Doing same old, same old, quite quickly diminishes that. So, it is very important that we bring in certain strategies in a working environment that raises meaning again. And six of these strategies I want to share with you for using your strengths, really tapping into what naturally is good for you comes easily to you.
1. What’s energising them and bringing them into your tasks?
That just brings in a lot of meaning and being clear on who is impacted by your work.
2. Who benefits from your work?
And it could be a colleague, it could be a peer, it could be a client. It could be a process in a system. So, who really benefits from that and being very clear on that.
3. What do you really value about your work?

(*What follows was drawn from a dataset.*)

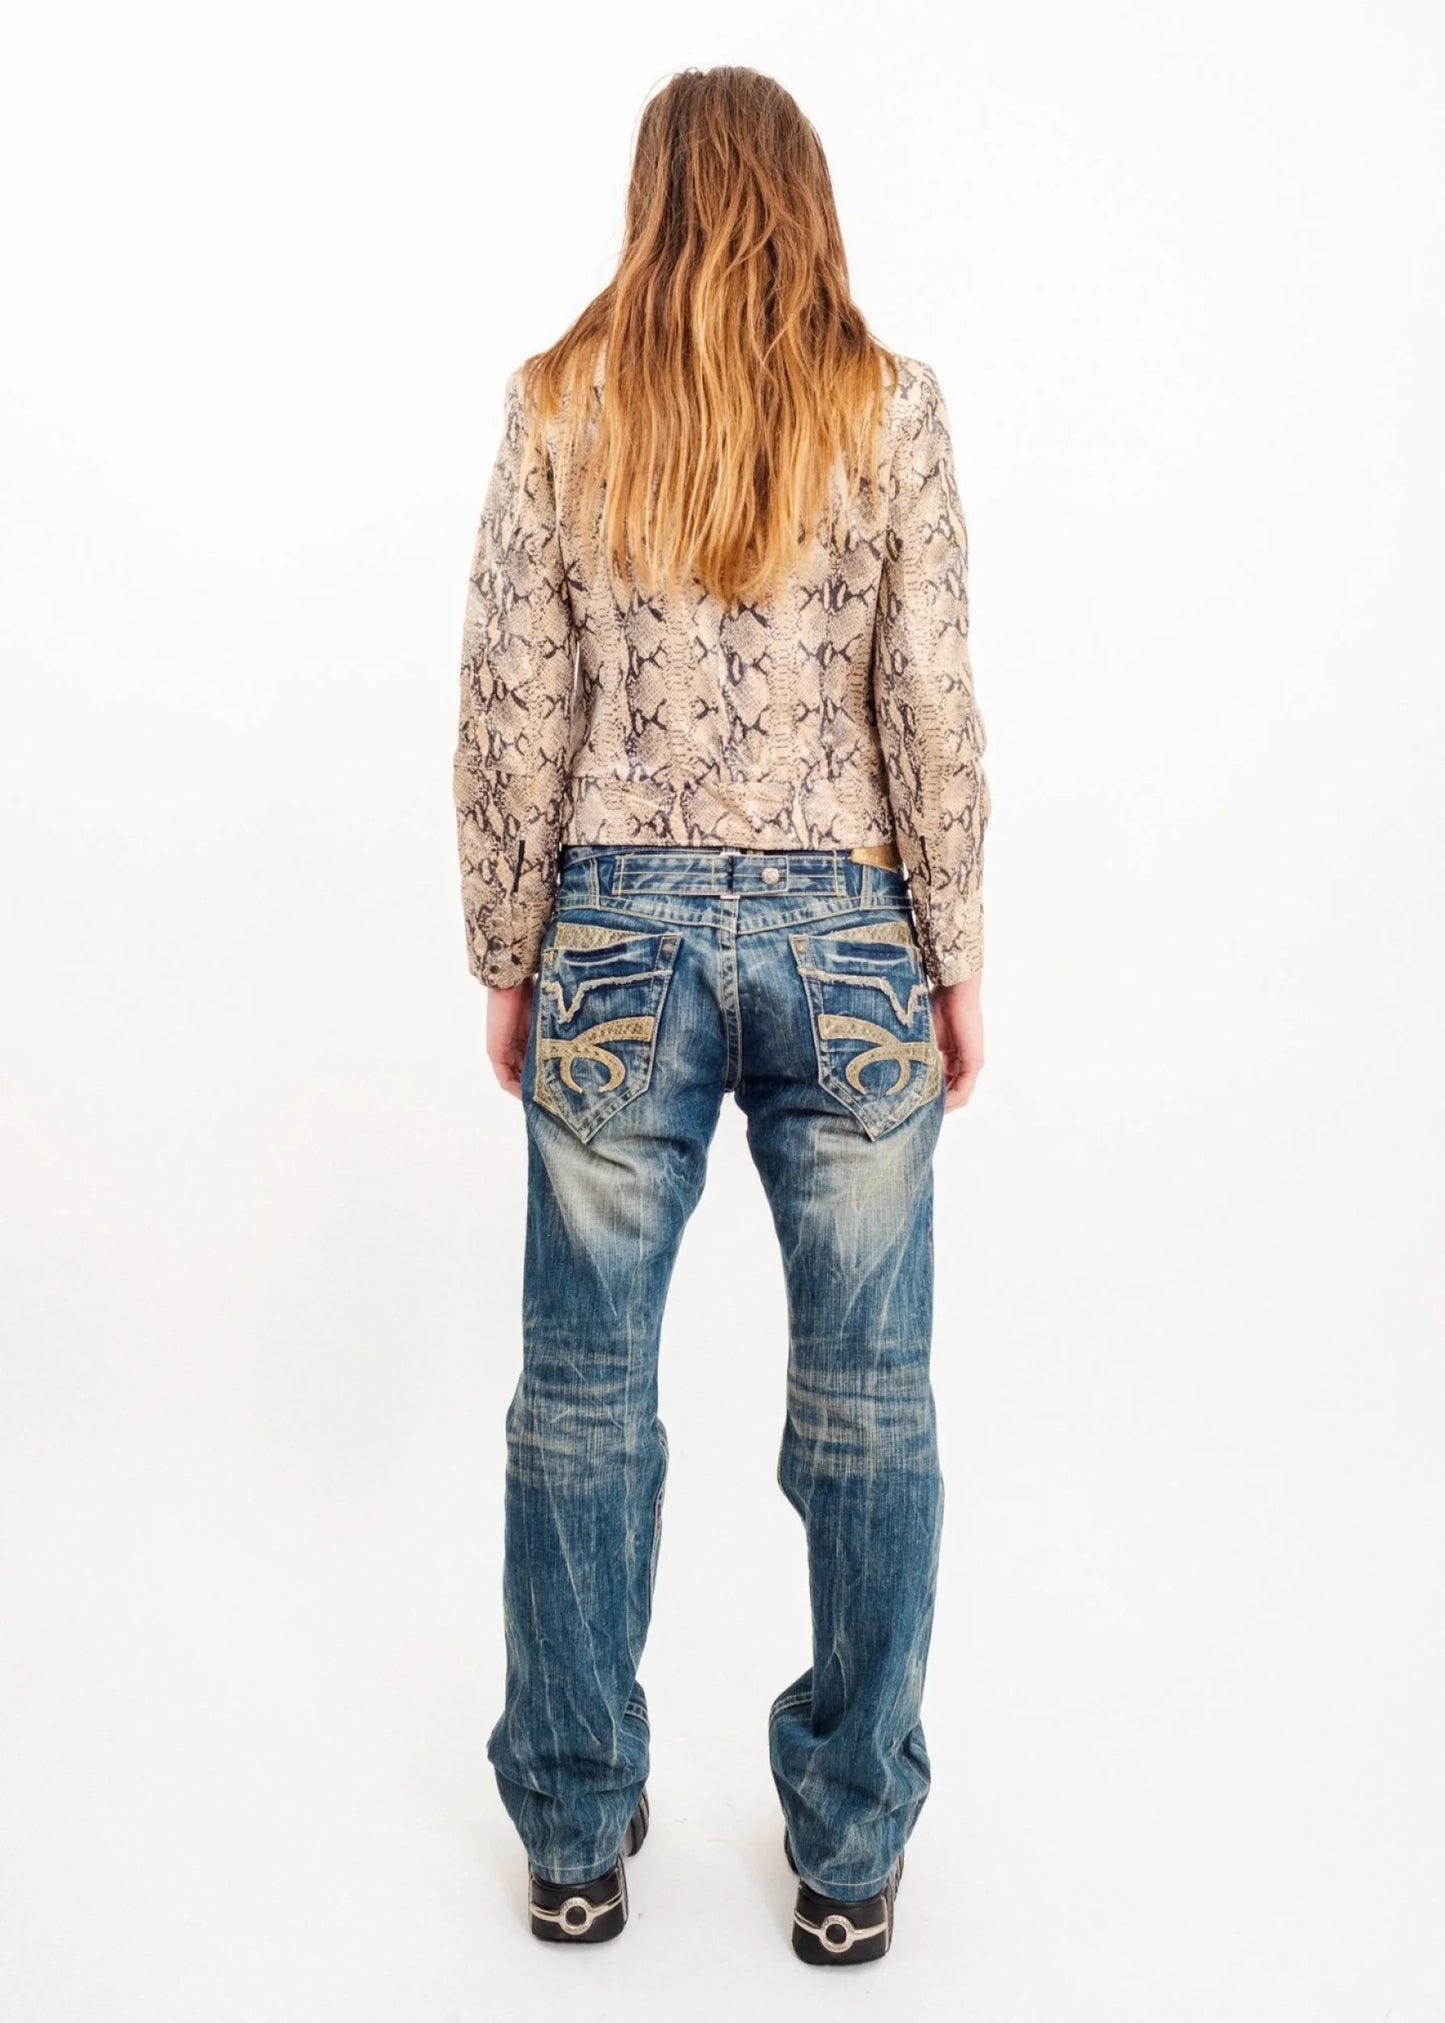 Red Pepper Engineered jeans with snakeskin accents
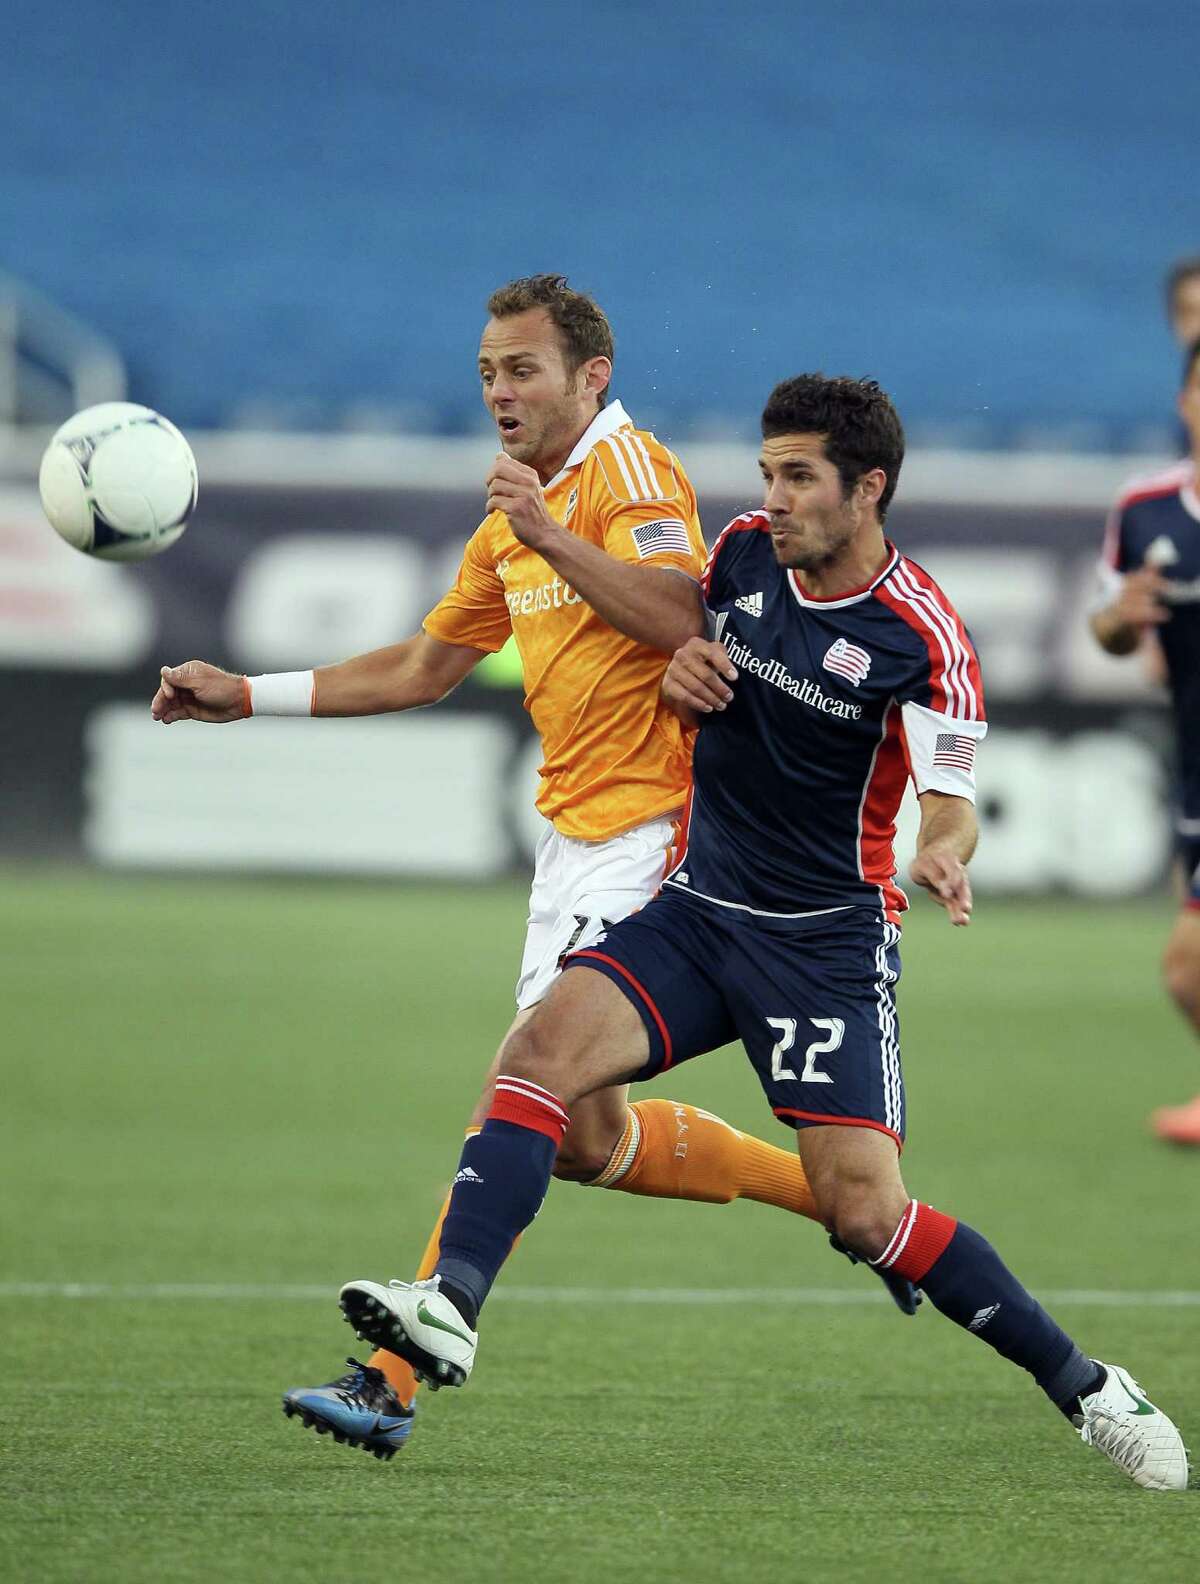 FOXBORO, MA - MAY 19: Brad Davis #11 of the Houston Dynamo and Benny Feilhaber #22 of the New England Revolution fight for the ball in the first half on May 19, 2012 at Gillette Stadium in Foxboro, Massachusetts.

The third one is understanding what you really value about your work. What’s really important for you in your working environment?
4. Goal setting
The fourth one is starting to set goals. So yes, you will have goals set to you by your line manager, but it’s also setting goals for yourself where it’s learning to take your tasks and play around with them, make them adventurous. Like, I wonder if I could do this faster or what would happen if I do it differently, or if I do this task backwards or if I approach it from a different angle? So really being in a lot of curiosity and shifting your goals around a bit. So, removing that level of boredom and just changing the challenges.
5. Getting feedback from others
The fifth one is trying to get feedback from others. What meaning your work has on them and what impact it has. So, get feedback from others.
6. Be you in your tasks
And the sixth one is bringing your own personality into tasks. We all do it differently. So, we might come or arrive at the same task destination or the task outcome, but we all approach it from a different perspective and angle, and that really makes it quite exciting.
So bringing in more of your own personality into your tasks. What I would like to encourage you to experiment with is to sit back and assess what tasks really excite you. What are tasks that you look forward to doing that are always the first ones that you do, and what are tasks that you find quite boring?
You know you have to do them, but they don’t energise you that much. See how you can bring in more meaning in the tasks that you always put last on your to-do list and that you perhaps see as a little bit of a chore. Try and see if you can change them around, increase the speed, reverse engineer them bringing your personality, bringing strengths, like what can you do to spice them up a bit?
And change the order and see what happens and see if that brings in different meaning again into a task. The benefit of that is you would minimise the aspect of seeing this task as boring because if we see tasks as boring, they take us longer to actually complete over and above that. They zap a lot of our energy and they’re very draining, and it’s not our best performance. So sometimes it’s really just trying to see if we can reverse engineer things.
Thank you for listening. And I look forward to connecting with you in the next audio.